Figure 5 shows that in 2021, the mean duration of the different categories also had a wide range of values from extremely short elements, such as cough and door, to very long ones, such as music or water, that, when present, normally occupied most of the time in a given location.
The four most prevalent sounds (i.e., birds, road traffic noise, human voice and wind) are clearly the same as in the 2020 campaign. In this case, they appear in 86.43% of the data frames analyzed and in more than 75% of the total available time making these four categories, once more, the most relevant ones.

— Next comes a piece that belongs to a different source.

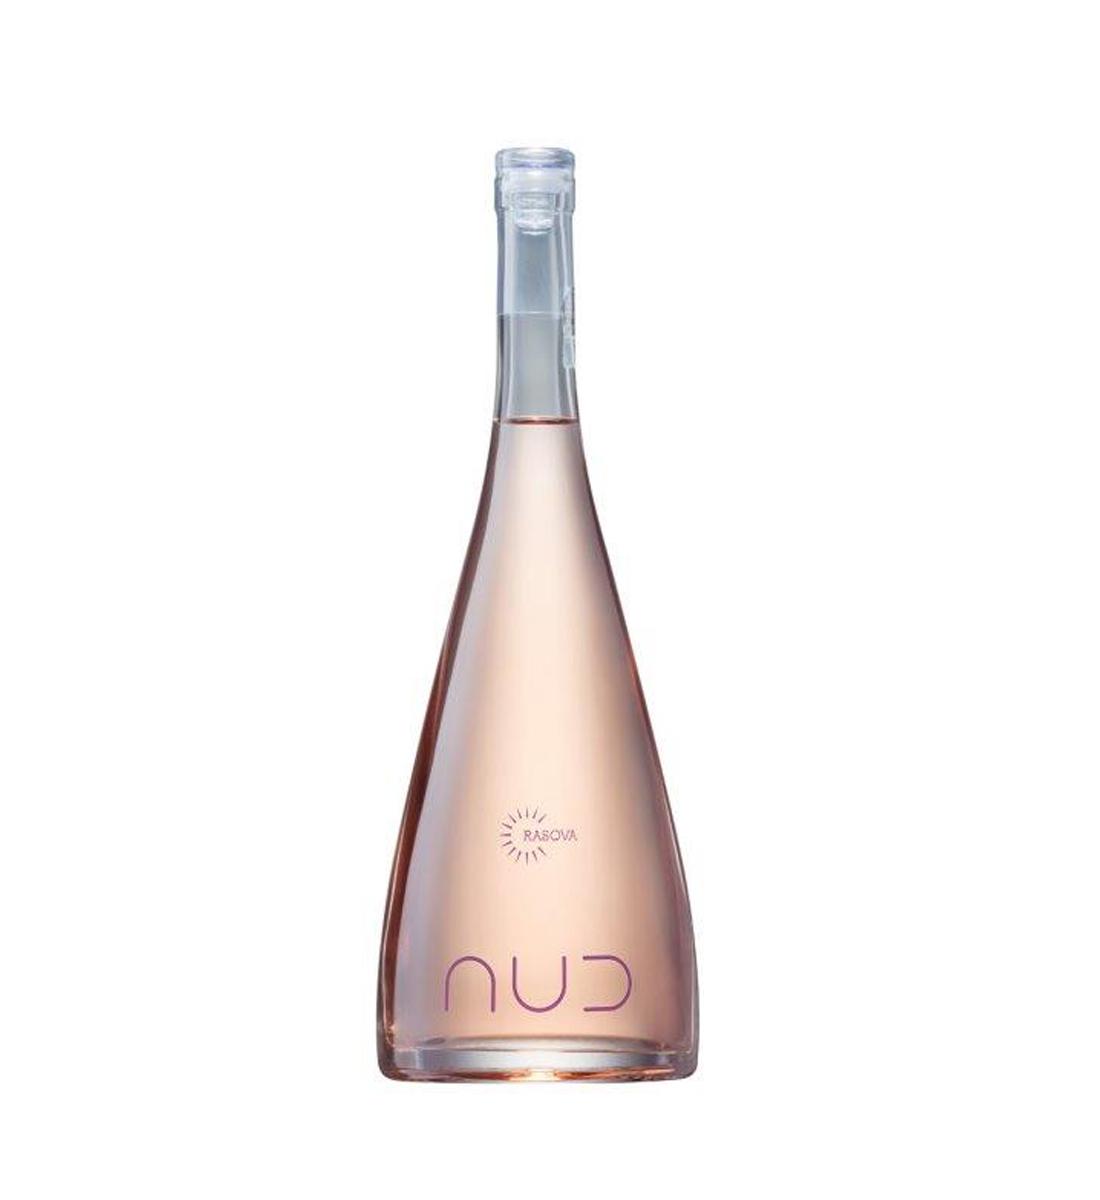 Rasova Nud Rose 0.75L

4.1.4. Comparative of the Two Campaigns
It is interesting to compare both campaigns in greater detail to better understand the possible differences in the classification results. That is especially important given the different conditions and regulations existing during the recording of both datasets.
Comparing
Table 1 and
Table 2, it can be concluded that, although the dataset from the 2021 campaign is also very imbalanced, the difference of sound prevalence among categories is not as magnified as in 2020. The percentage of time of appearance for each category in the 2020 dataset had a standard deviation of 1313.3 s. This statistic falls to 932.64 s in 2021 as seen in
Table 3. The two more prevalent categories (
Birds and
Road) are also more balanced in 2021. While in 2020 there was a significant 22.15% difference in the percentage of total time between both of them, the gap falls to 7.59% in 2021. The number of categories which appear more than 2% of the time increases from 7 in 2020 to 10 in 2021. Some of the differences between both datasets are accidental, such as the higher percentage of locations where it was raining in 2021 compared to 2020. However, part of the higher range of existing sounds in 2021 can be explained because the 2020 campaign was conducted during the COVID-19 lockdown while in 2021 most of the mobility and activity were back to normal [
64].
Table 3 summarizes the most relevant differences in the statistical composition of both datasets. As it was expected, 2021 offers a wider range of sound categories. Also, the number of sound events per location is more than doubled compared to 2020. The mean duration of the sound events drops to almost a half, from 12.51 s to 6.57 s. That is partly due to a decrease in the number of short events caused by a decline in human activity during the lockdown period of 2020. There is also a noticeable difference when comparing the aggregated duration of the sound categories in both campaigns as shown in
Figure 6.
Other relevant changes from one campaign to the other include a stark boost in the percentage of time with overlapping of two or more sound categories from roughly 45% in 2020 to over 60% in 2021. Also, the percentage with three or more sound categories appearing simultaneously expands from 8.1% to 10.53% (
Table 3). Finally, a slight increase of just over 5% in the foreground-to-background ratio is perceived in 2021.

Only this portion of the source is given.